What you should do:
Repeat the listing that follows exactly. Pictures are not part of the copy.

Source data:
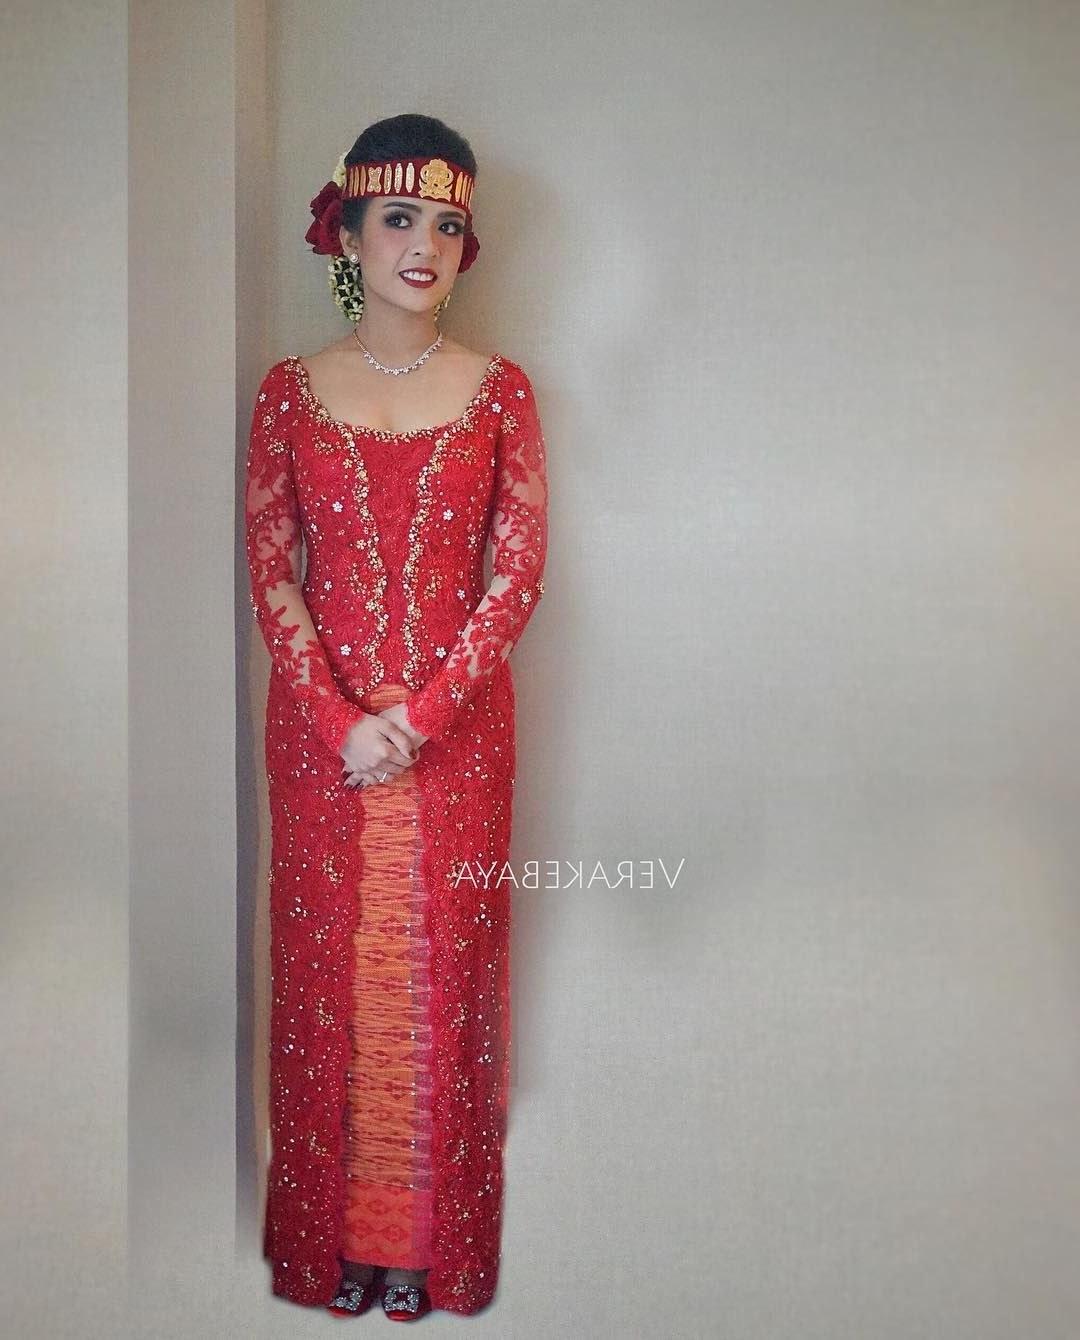 Design Cara Membuat Gaun Pengantin Muslim Tqd3 15 Busana Adat Batak
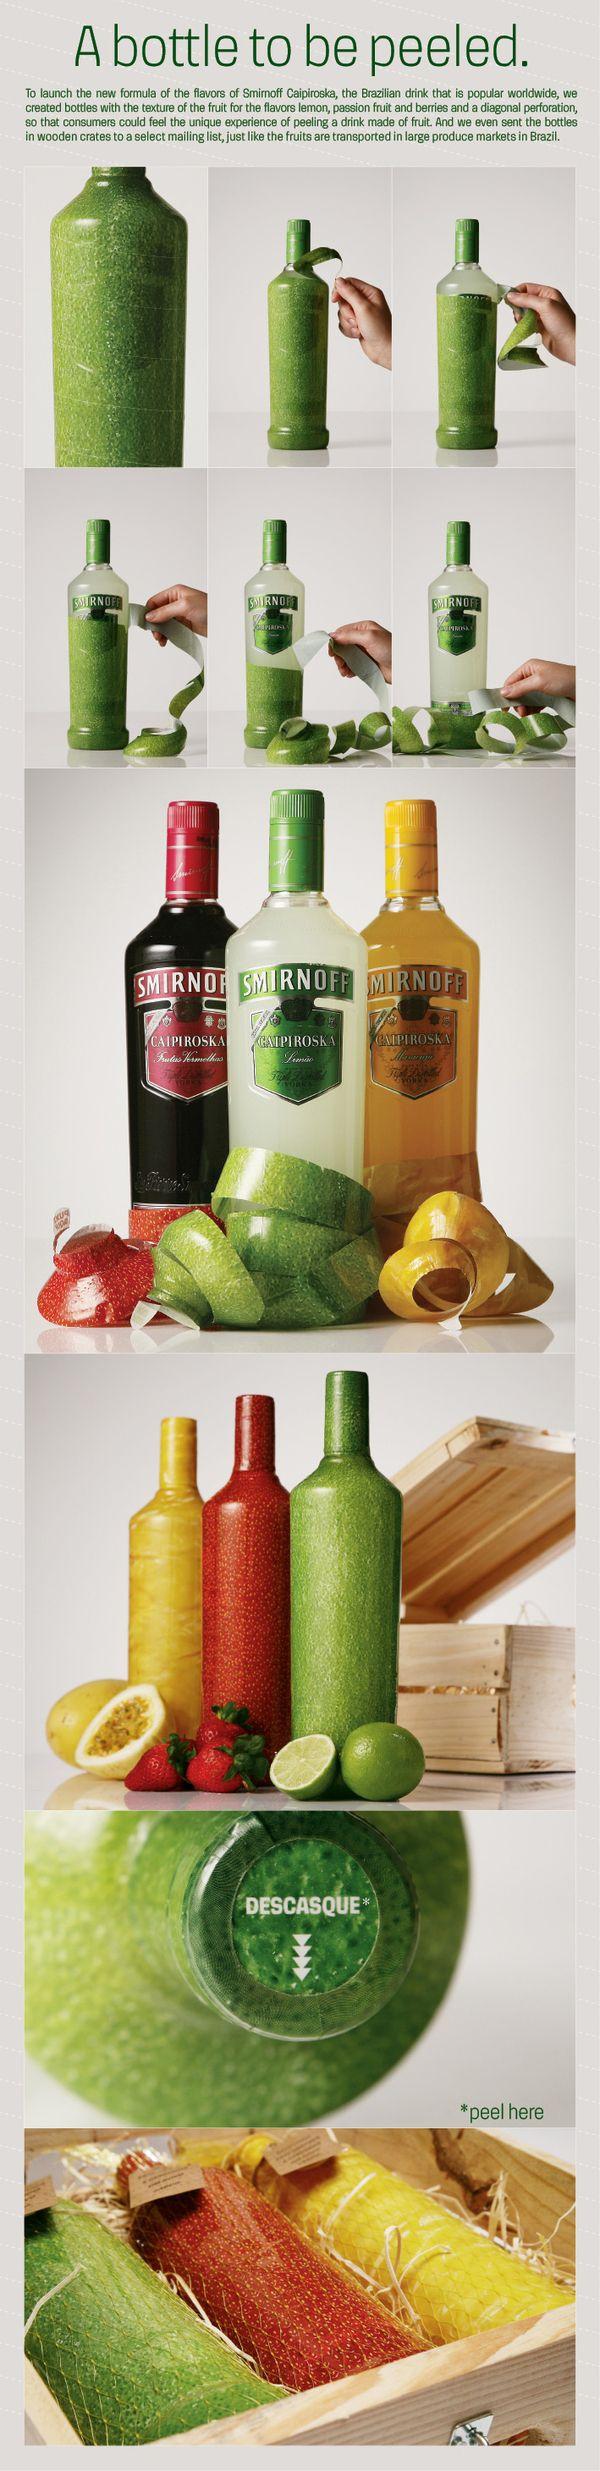 Smirnoff Caipiroska Peelable Bottle by Vinicius Montana, via Behance
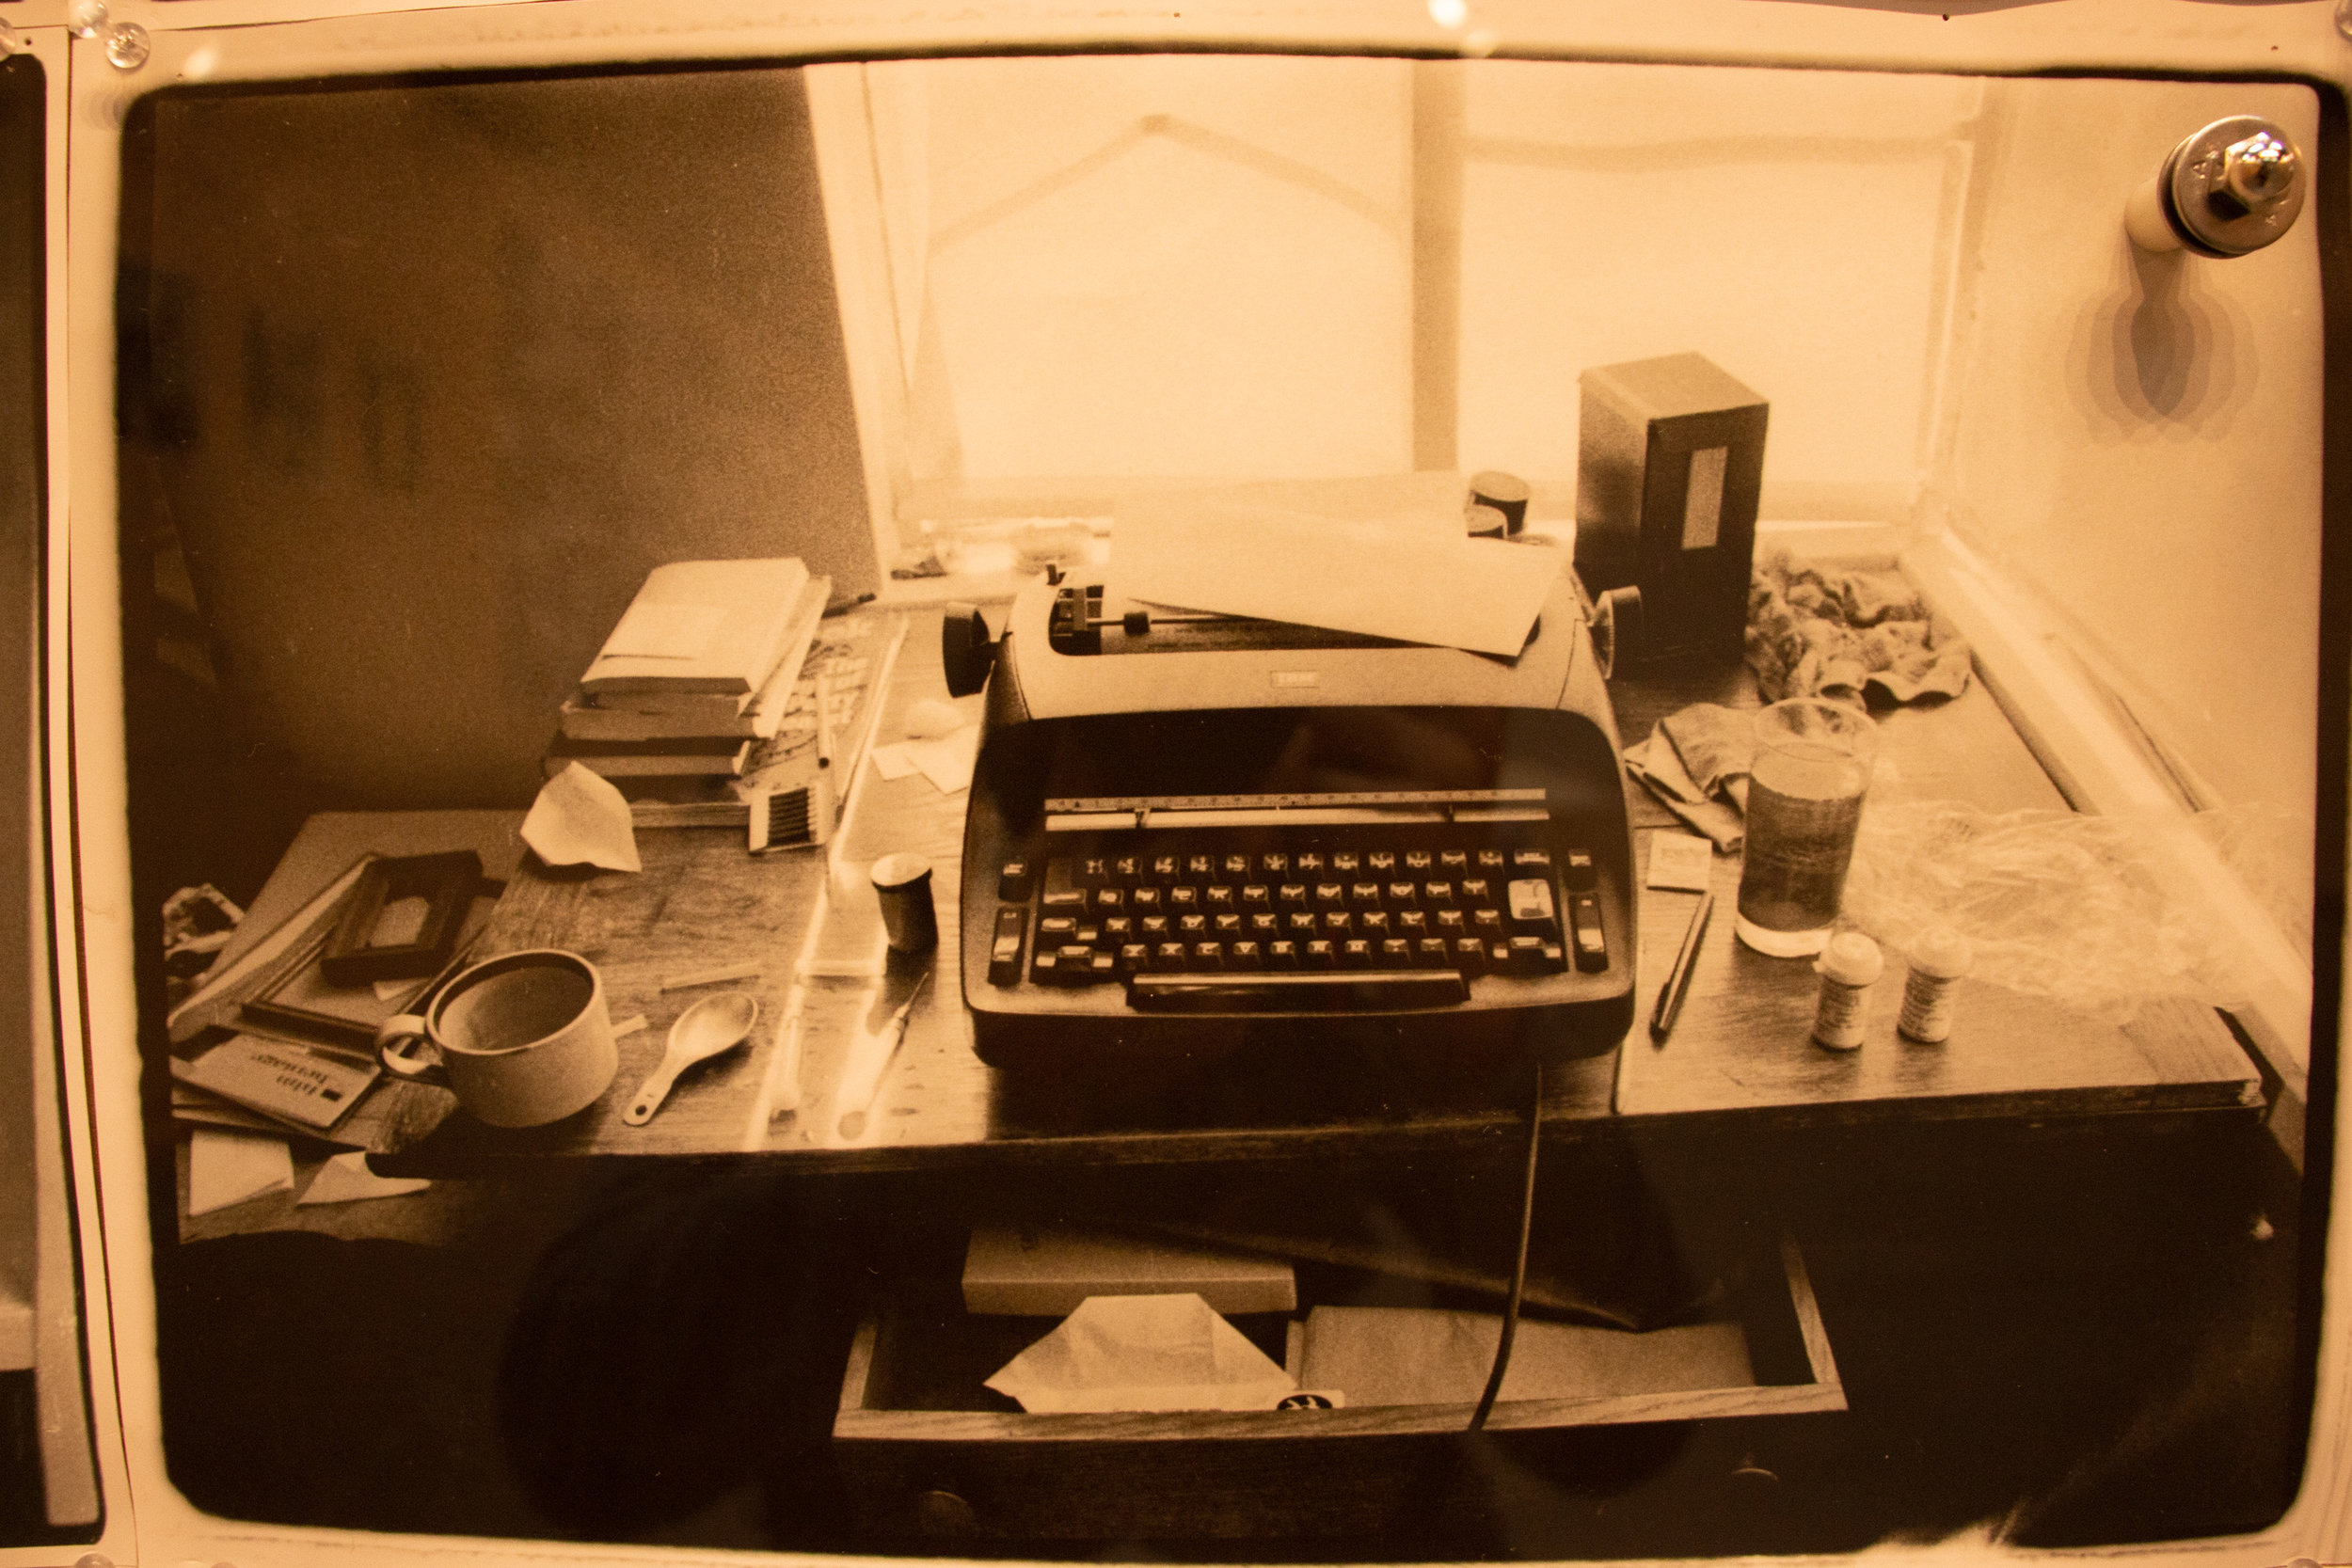 Desk & typewriter of William S. Burroughs, photographed by Annie Liebovitz. Shayn Almeida / The Corsair

Response to the exercise:
 Design Cara Membuat Gaun Pengantin Muslim Tqd3 15 Busana Adat Batak
 Smirnoff Caipiroska Peelable Bottle by Vinicius Montana, via Behance
 Desk & typewriter of William S. Burroughs, photographed by Annie Liebovitz. Shayn Almeida / The Corsair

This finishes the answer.